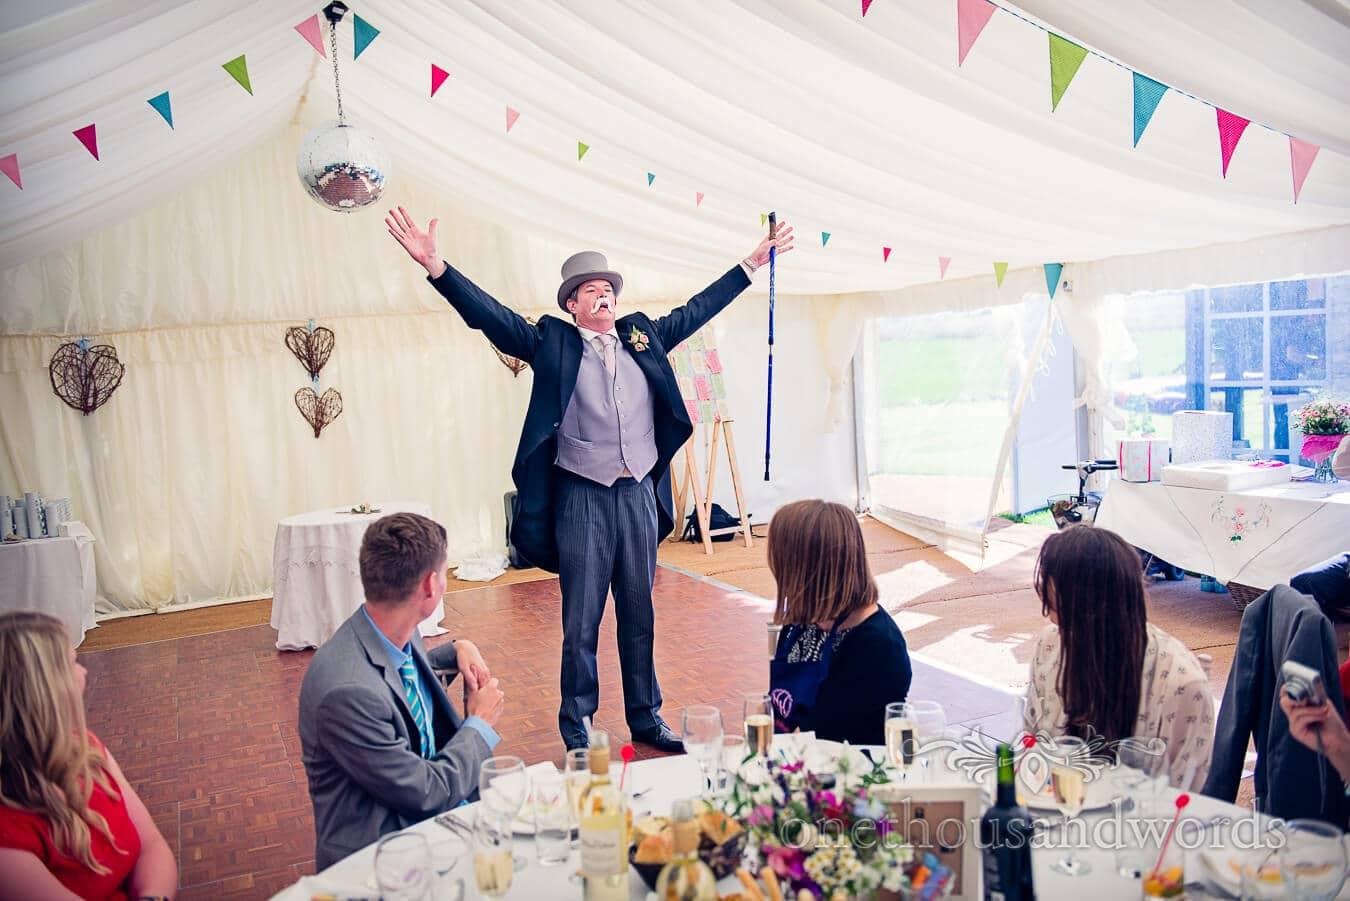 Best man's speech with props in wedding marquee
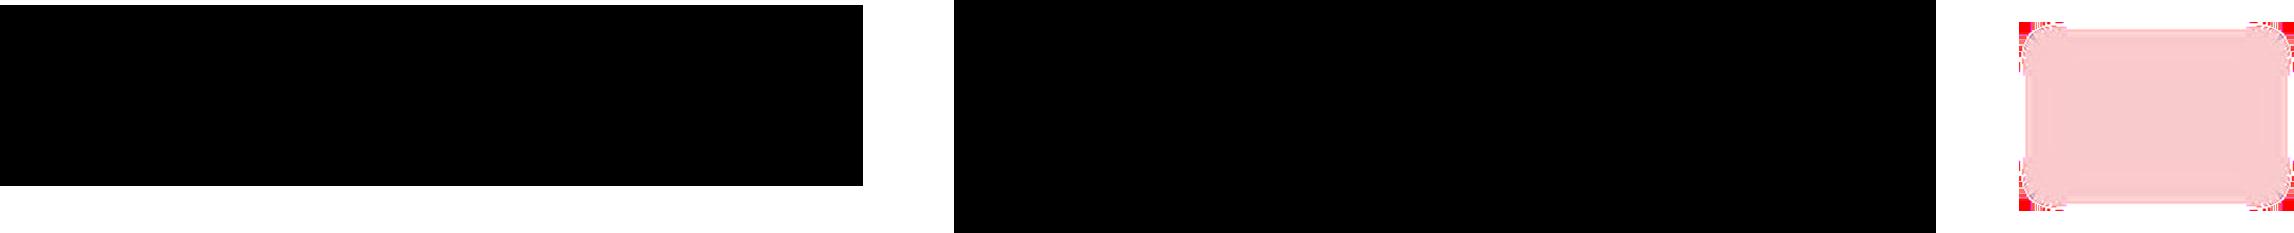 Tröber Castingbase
==
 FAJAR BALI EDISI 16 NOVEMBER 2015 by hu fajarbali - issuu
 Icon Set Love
* * *
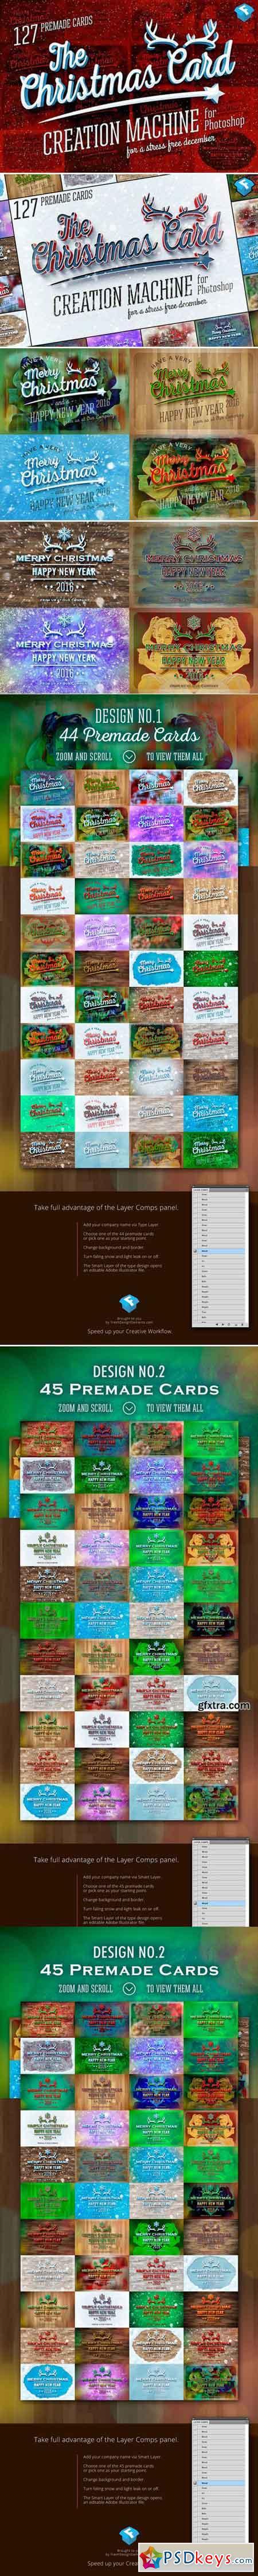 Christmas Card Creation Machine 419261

§ PROBLEM STATEMENT:
For this exercise, please set down exactly the lines of the listing above from the line with "Best man's speech" up to and including the line with "Tröber Castingbase", and no pictures.

§ TASK RESULT:
 Best man's speech with props in wedding marquee
 Tröber Castingbase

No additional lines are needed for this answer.